From the material below, return exactly the lines starting at the one that holds "渋谷turtlesタートルズ パーティーコース Bコース スパークリング・ワインで乾杯" and ending at the one that holds "AMD Radeon Pro". Pictures stay out of the answer.

··· RECORDED DATA ···

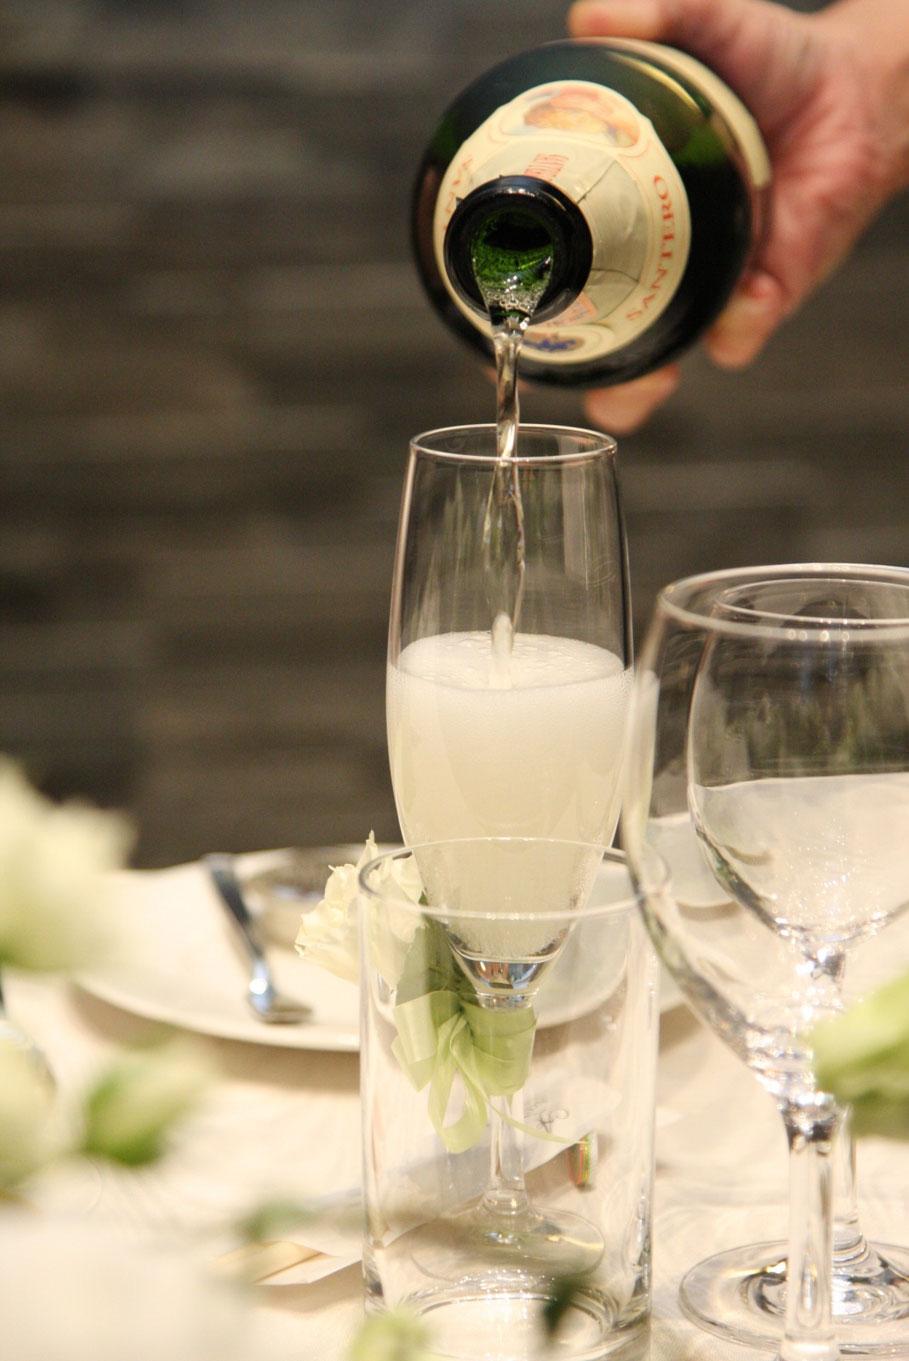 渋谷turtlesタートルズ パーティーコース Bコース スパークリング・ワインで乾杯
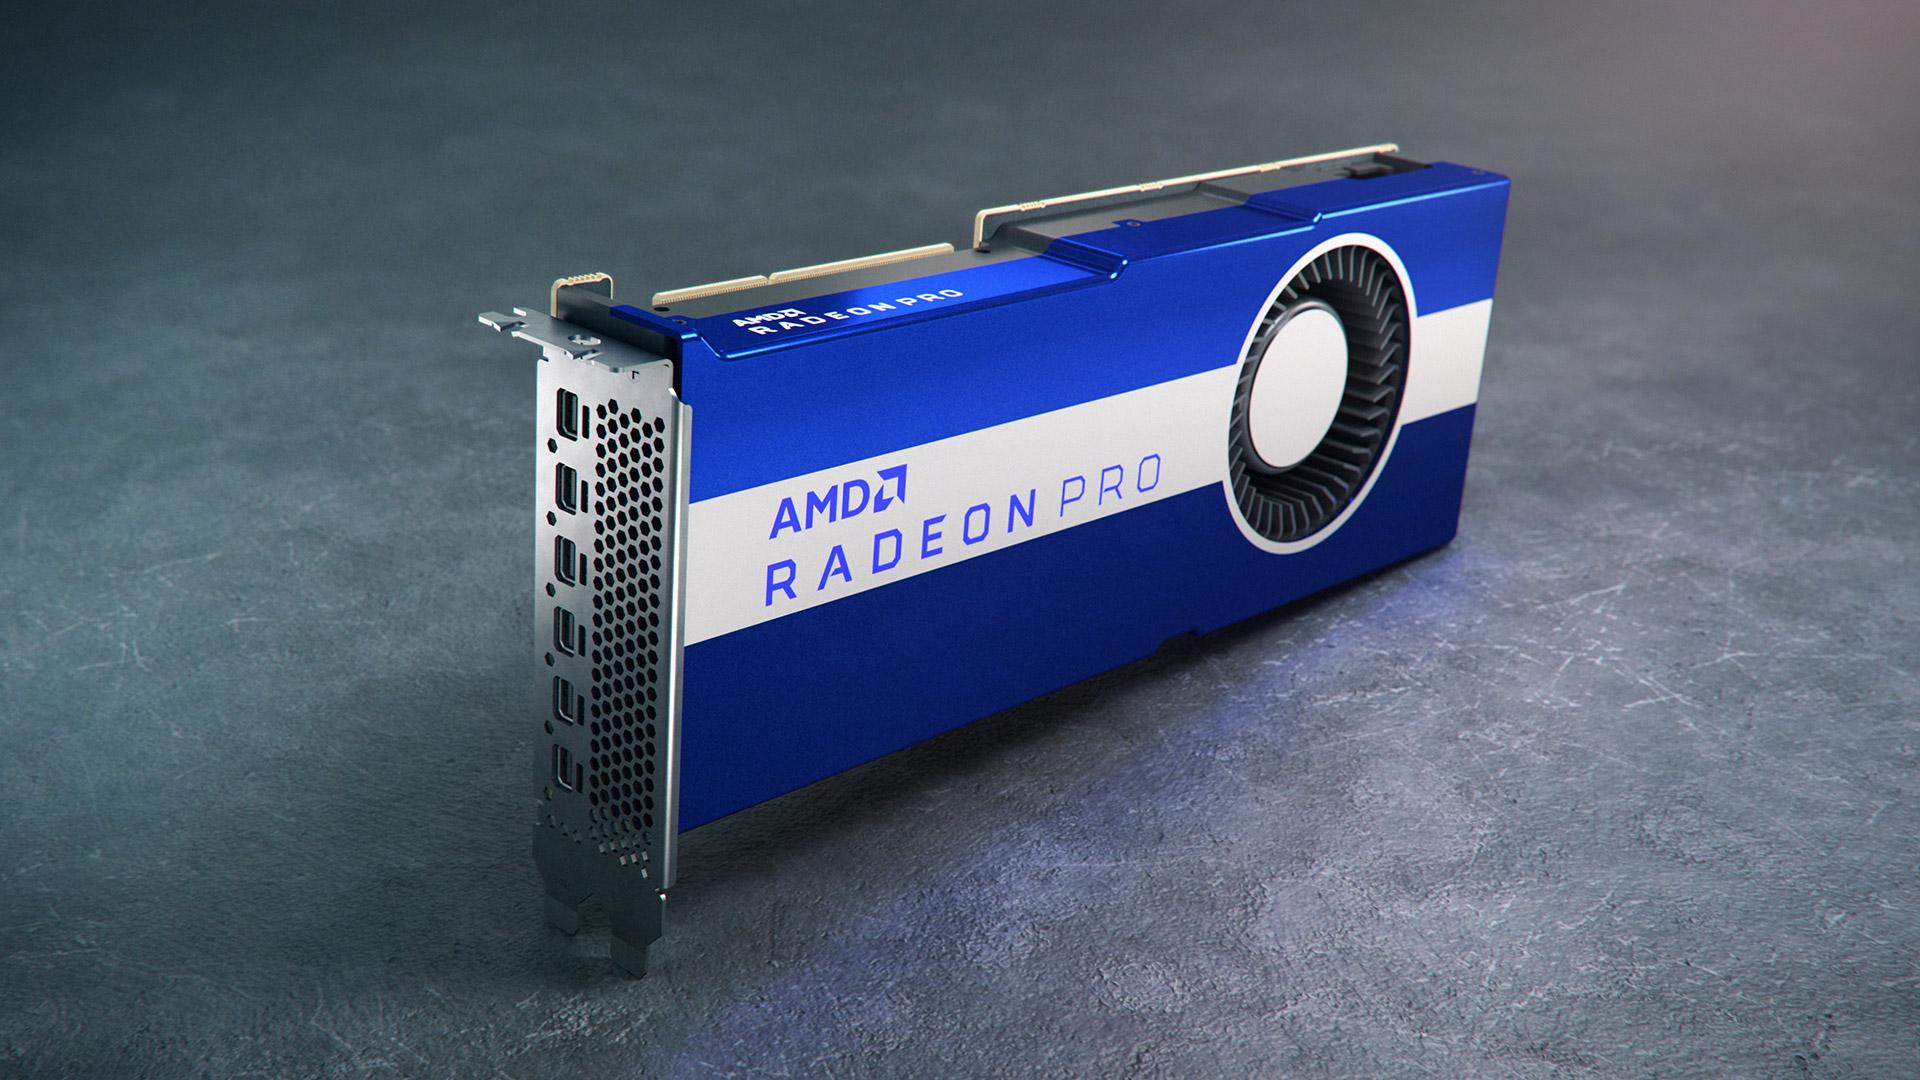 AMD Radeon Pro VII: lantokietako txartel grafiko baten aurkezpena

···
··· RECORDED DATA ···

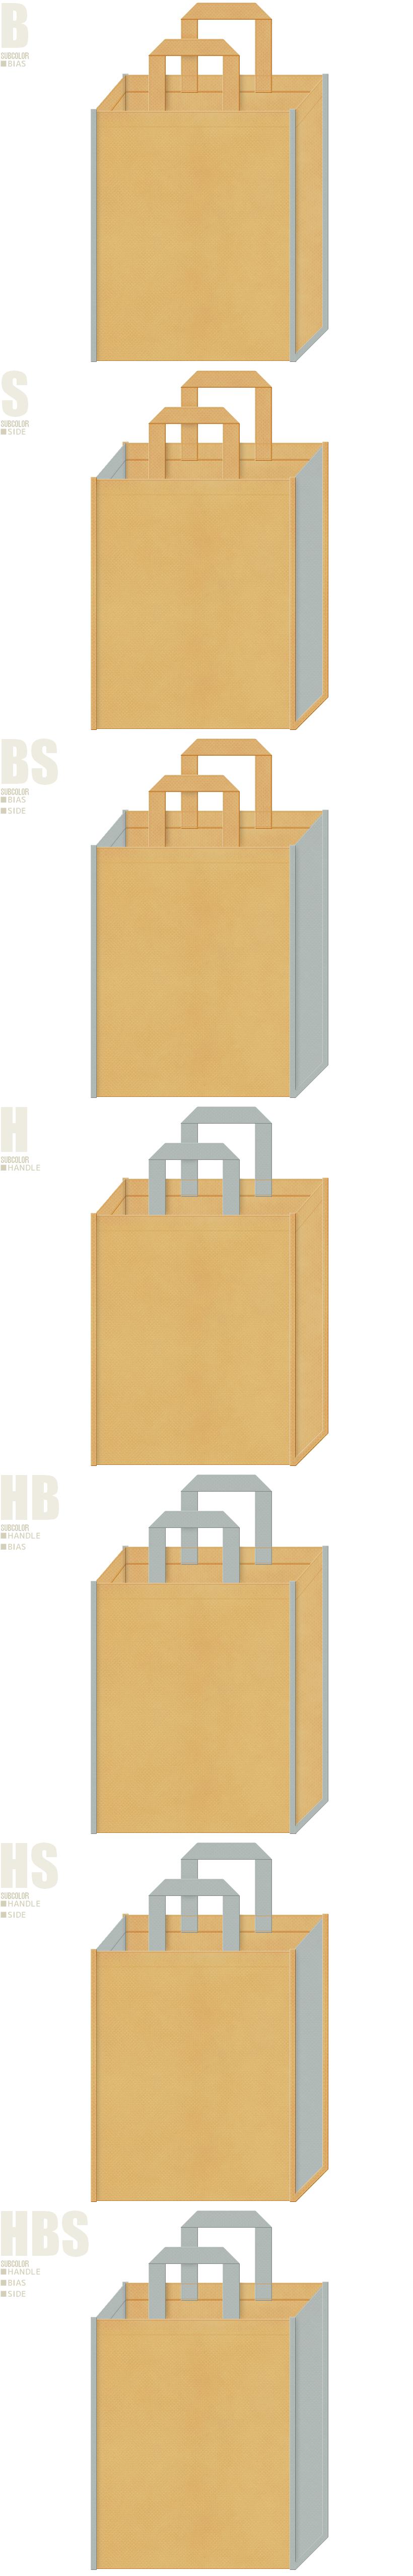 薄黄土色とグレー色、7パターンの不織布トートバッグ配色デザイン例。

···
··· RECORDED DATA ···

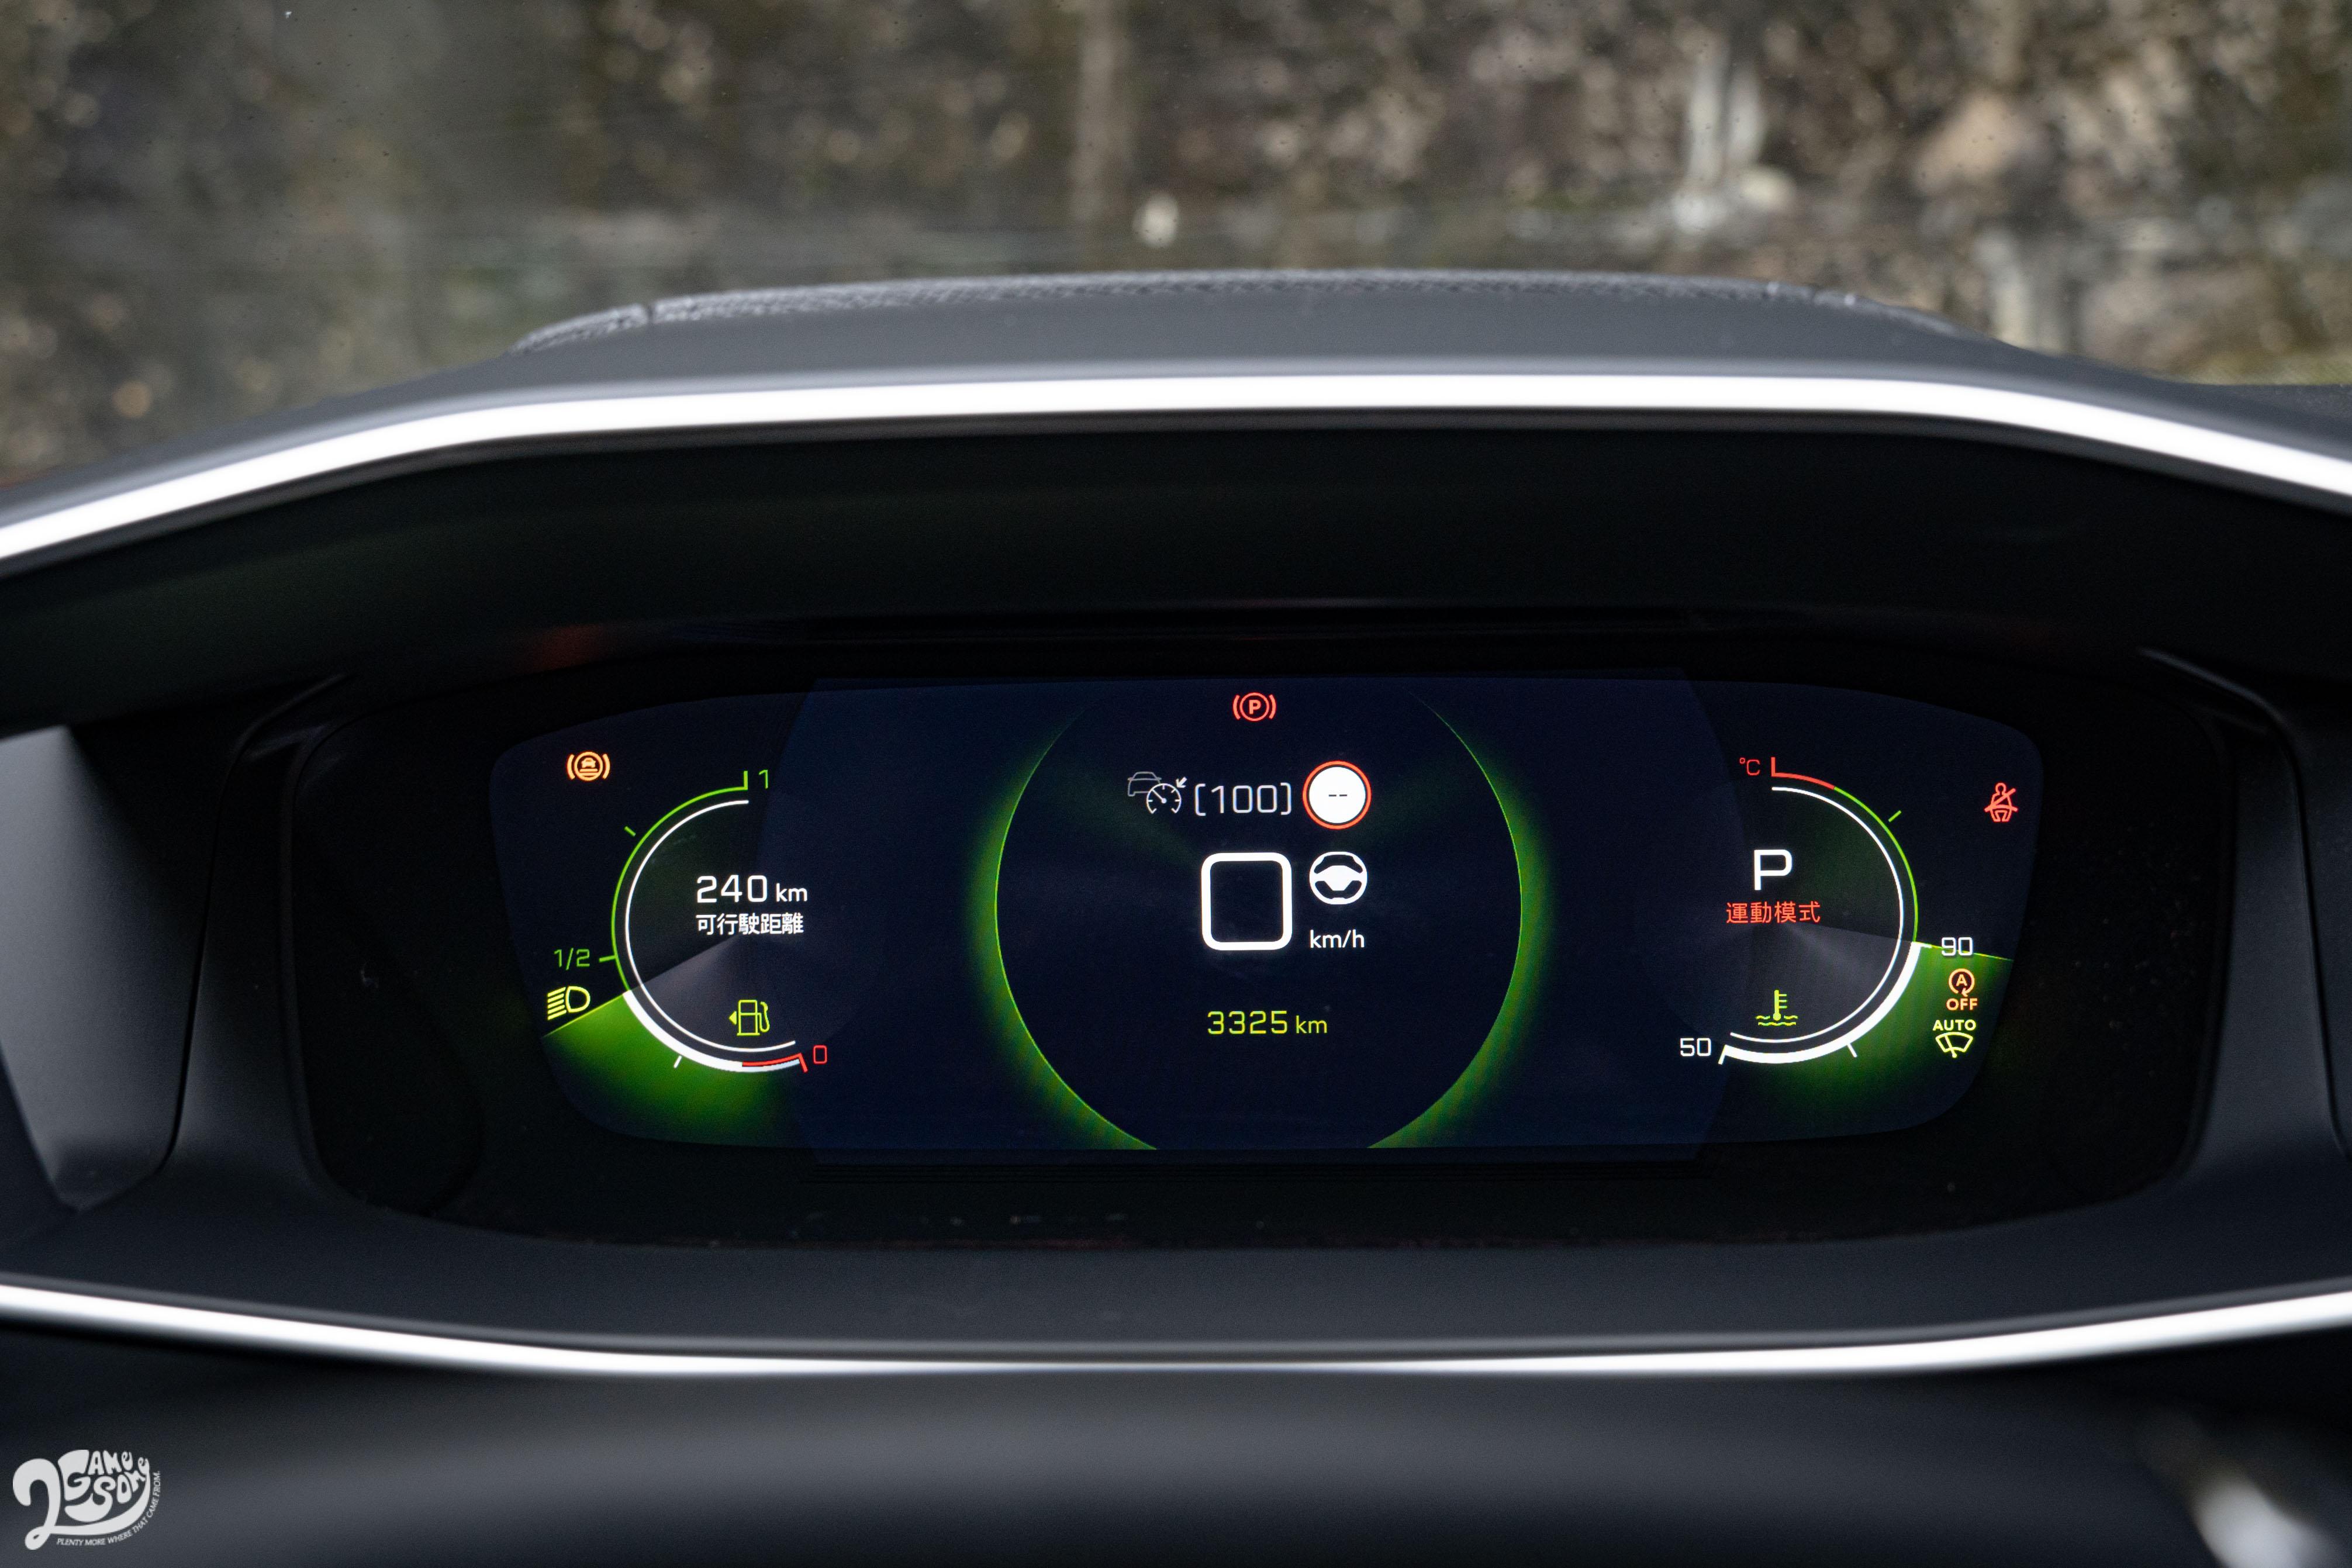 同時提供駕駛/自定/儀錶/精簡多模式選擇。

···

## YOUR SOLUTION
 渋谷turtlesタートルズ パーティーコース Bコース スパークリング・ワインで乾杯
 AMD Radeon Pro VII: lantokietako txartel grafiko baten aurkezpena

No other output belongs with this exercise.